In order to instruct myself in the construction of an abstract painting, I turned to a long-favourite subject and theme, the classic game boards – chess, backgammon, pachisi and others. This exploration took me from 2010 to 2014.

      Ludus Scriptorum             ©Sarah Petite               2010           encaustic on wood            14" x 23"                     $1000 Cdn

It’s arguable that, before we even made art – forty millennia ago when we were hunter-gatherers – we played games. A field of lines scratched on the floor of the cave, some pebbles, a friendly adversary, and our own wit, and we have the beginnings of a long tradition. Any complete team of archeologists will have an expert on games, who can look at a pretty artifact, with its counters and unusual dice lying beside it in a tomb hoard (without the instructions!), decipher the play, and fit this long lost cousin into a genealogy of the games of history.
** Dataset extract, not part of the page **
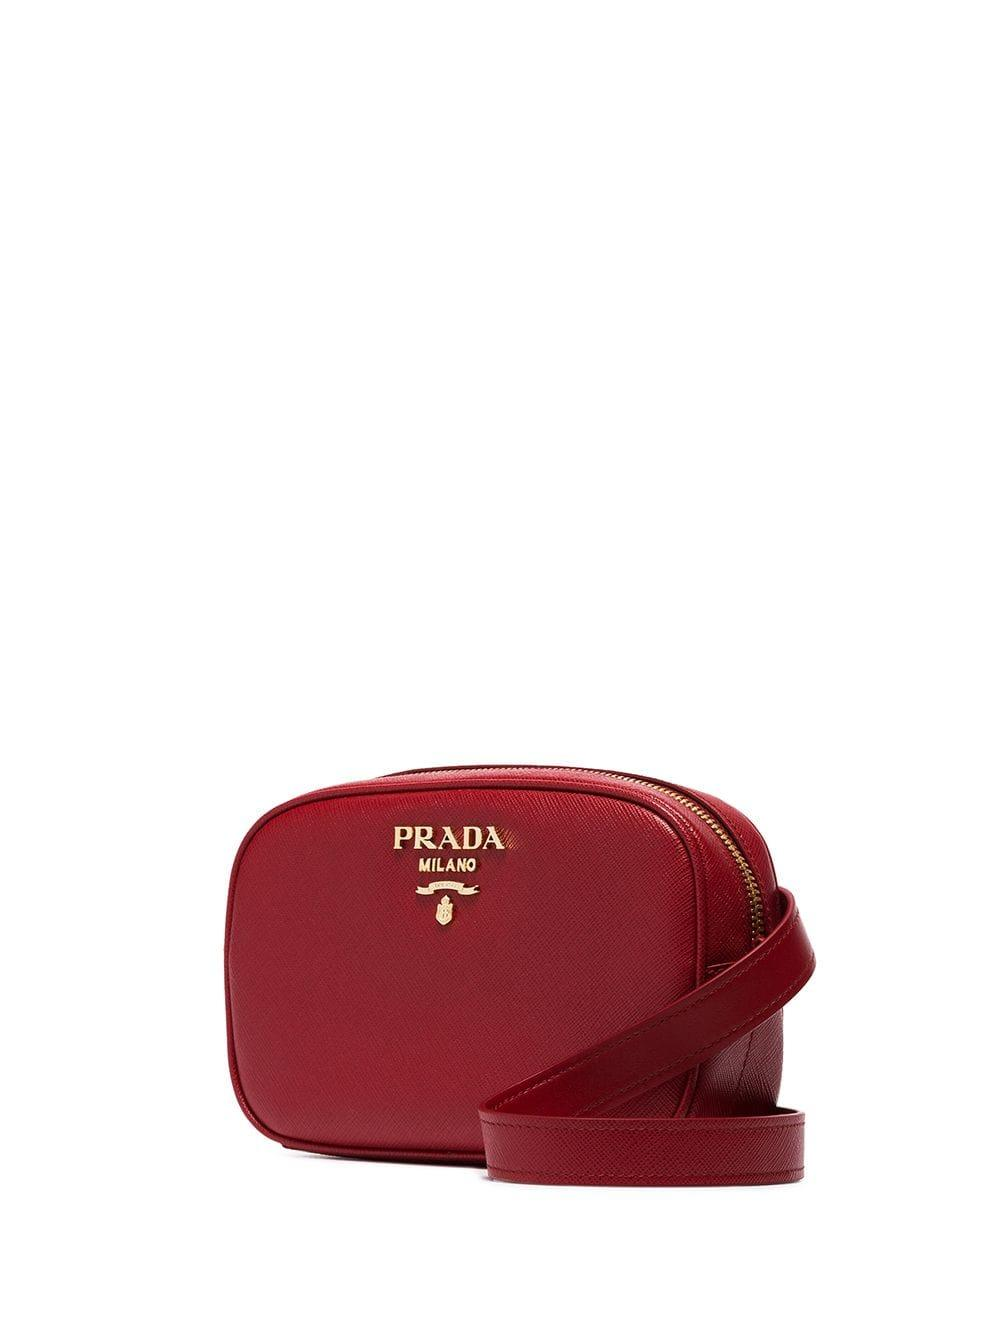 0db1a8e06287 Prada - Red Chain-detail Leather Belt Bag - Lyst. View fullscreen

(from an artist's statement, 2014)

Chausar            ©Sarah Petite       2012          encaustic on wood               24" x 24"               $1800 Cdn

Games - ‘parlour games’, street games, the game of life, and recently, game theory, the domain of mathematicians, economists and psychologists - gives me unending and expanding metaphors to express in my art. I’ve even found that the working out of an abstract painting begins to feel like playing chess against myself – unless I want to call the encaustic paint my worthy opponent. One mark of the brush or the scraper (or the knife, the chisel, the heat gun) is like a knight’s fork, or the stealthy swipe of the bishop. With each move, the painting becomes more complex, more resolved, more balanced. Some of my paintings mimic their prototypes so closely you could almost take them down from the wall and play on them. Others are more oblique – game-theoretical, you might say! As the artist, in one way or another I’ve played them all.